• Task directions: All of the data should be restated word for word, with the pictures omitted.

• Dataset extract:
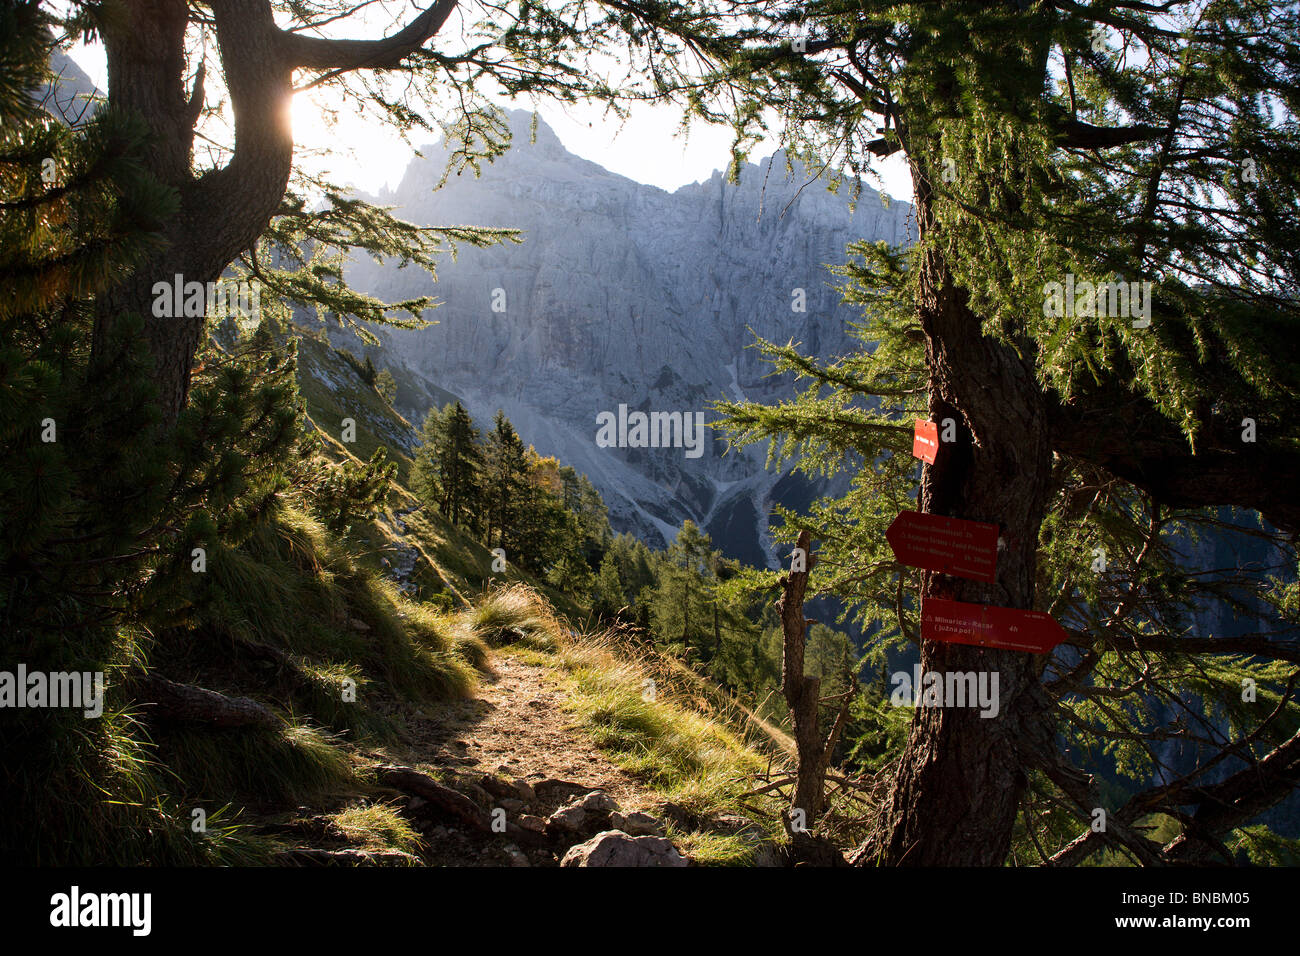 Alpen-Landschaft in Slowenien - Hintergrundbeleuchtung - Julischen Alpen Stockbild
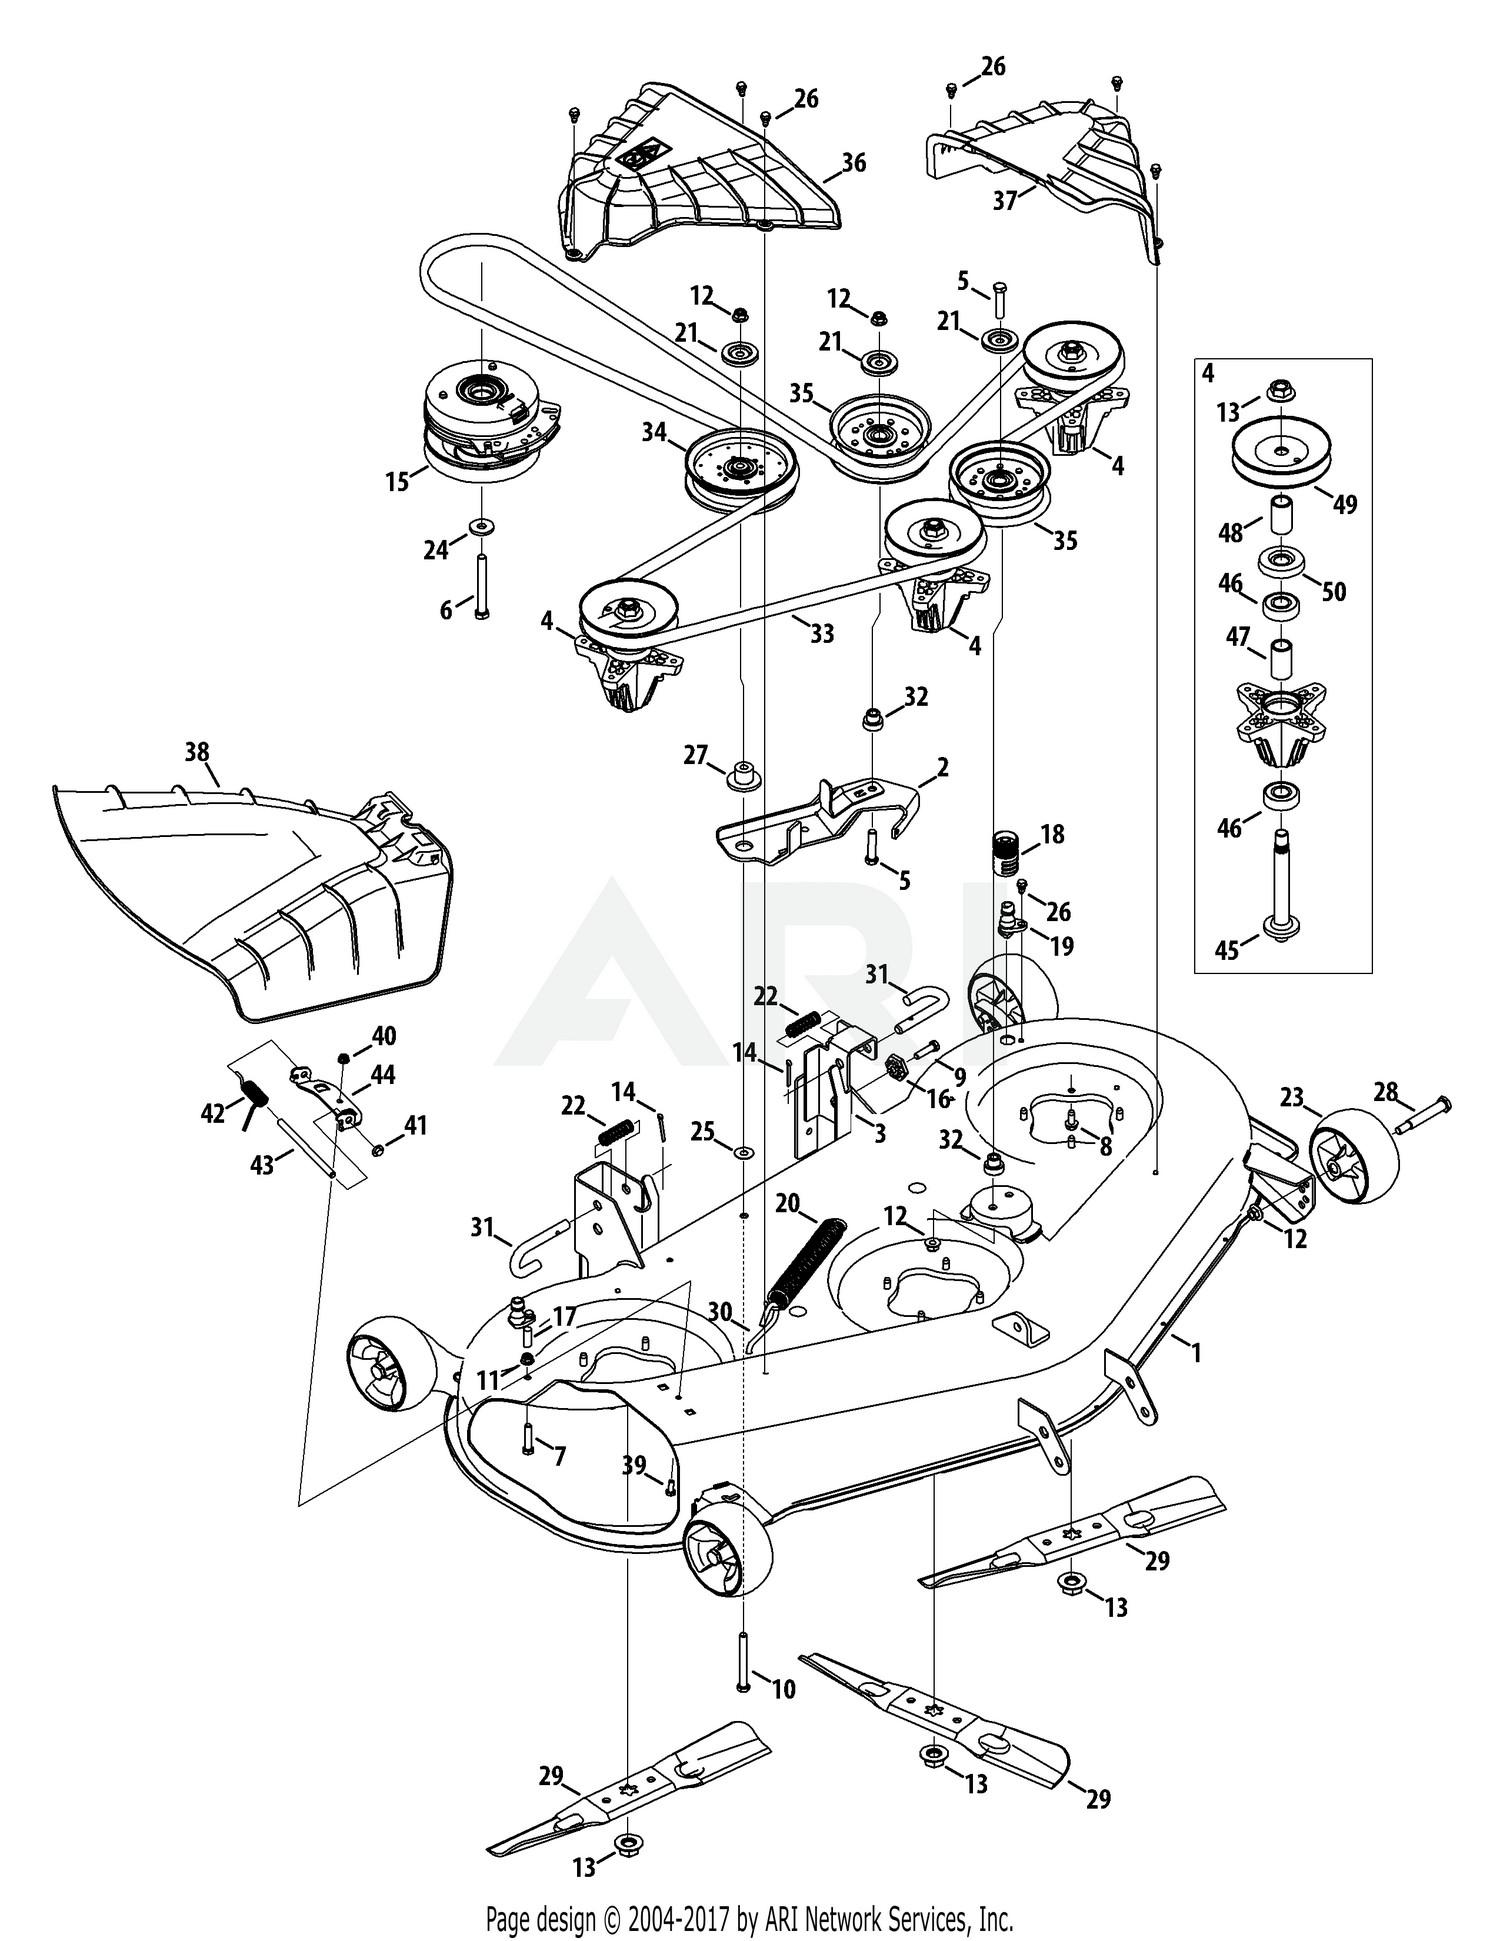 Troy Bilt Lawn Mower Engine Diagram Troy Bilt 17arcacq011 Mustang 50 Xp 2015 Mower Deck 50 Inch Of Troy Bilt Lawn Mower Engine Diagram
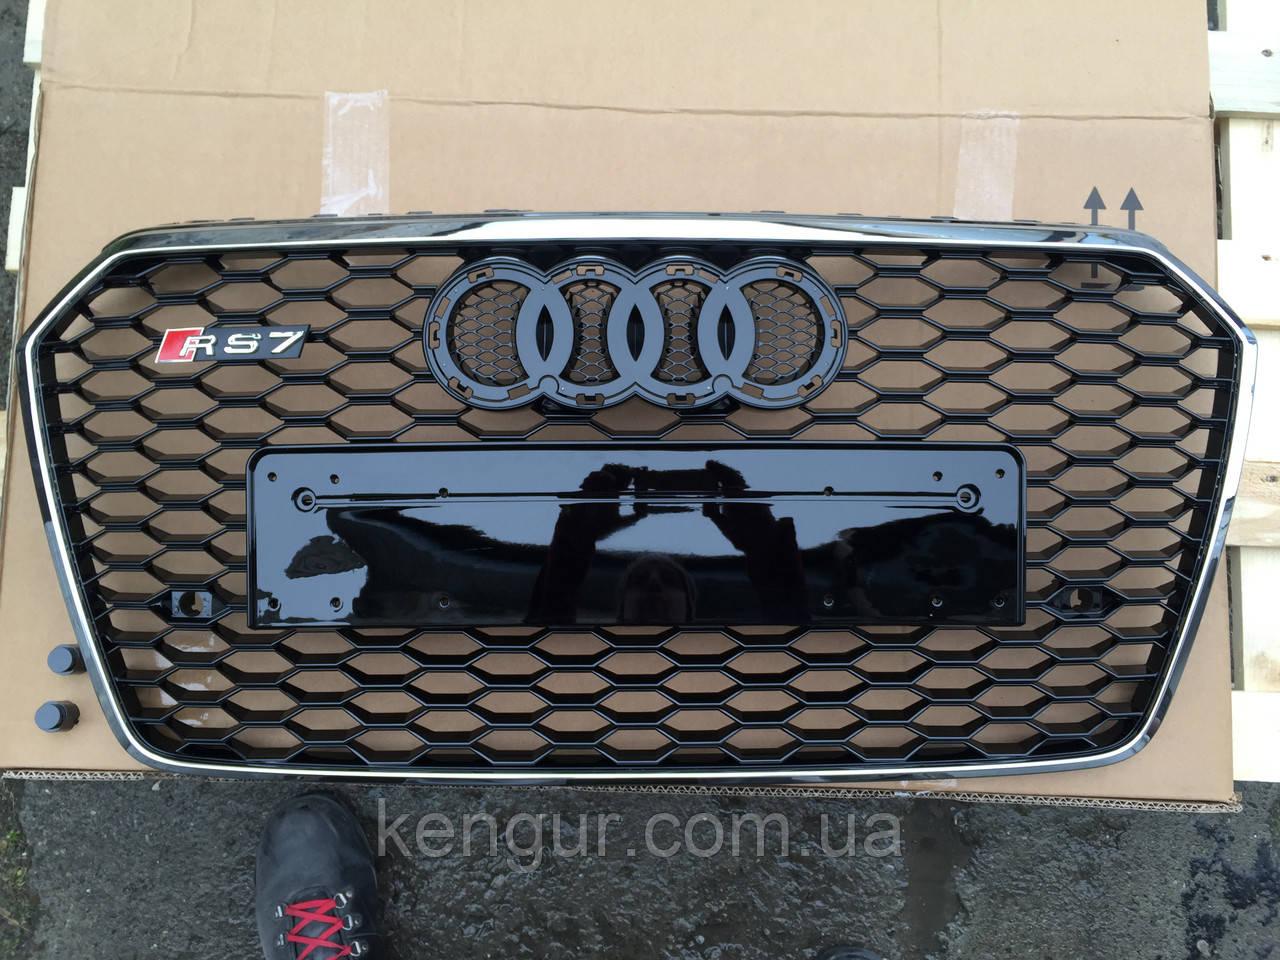 Решетка радиатора Audi A7 2015-

• Answer to this exercise:
 Alpen-Landschaft in Slowenien - Hintergrundbeleuchtung - Julischen Alpen Stockbild
 Troy Bilt Lawn Mower Engine Diagram Troy Bilt 17arcacq011 Mustang 50 Xp 2015 Mower Deck 50 Inch Of Troy Bilt Lawn Mower Engine Diagram
 Решетка радиатора Audi A7 2015-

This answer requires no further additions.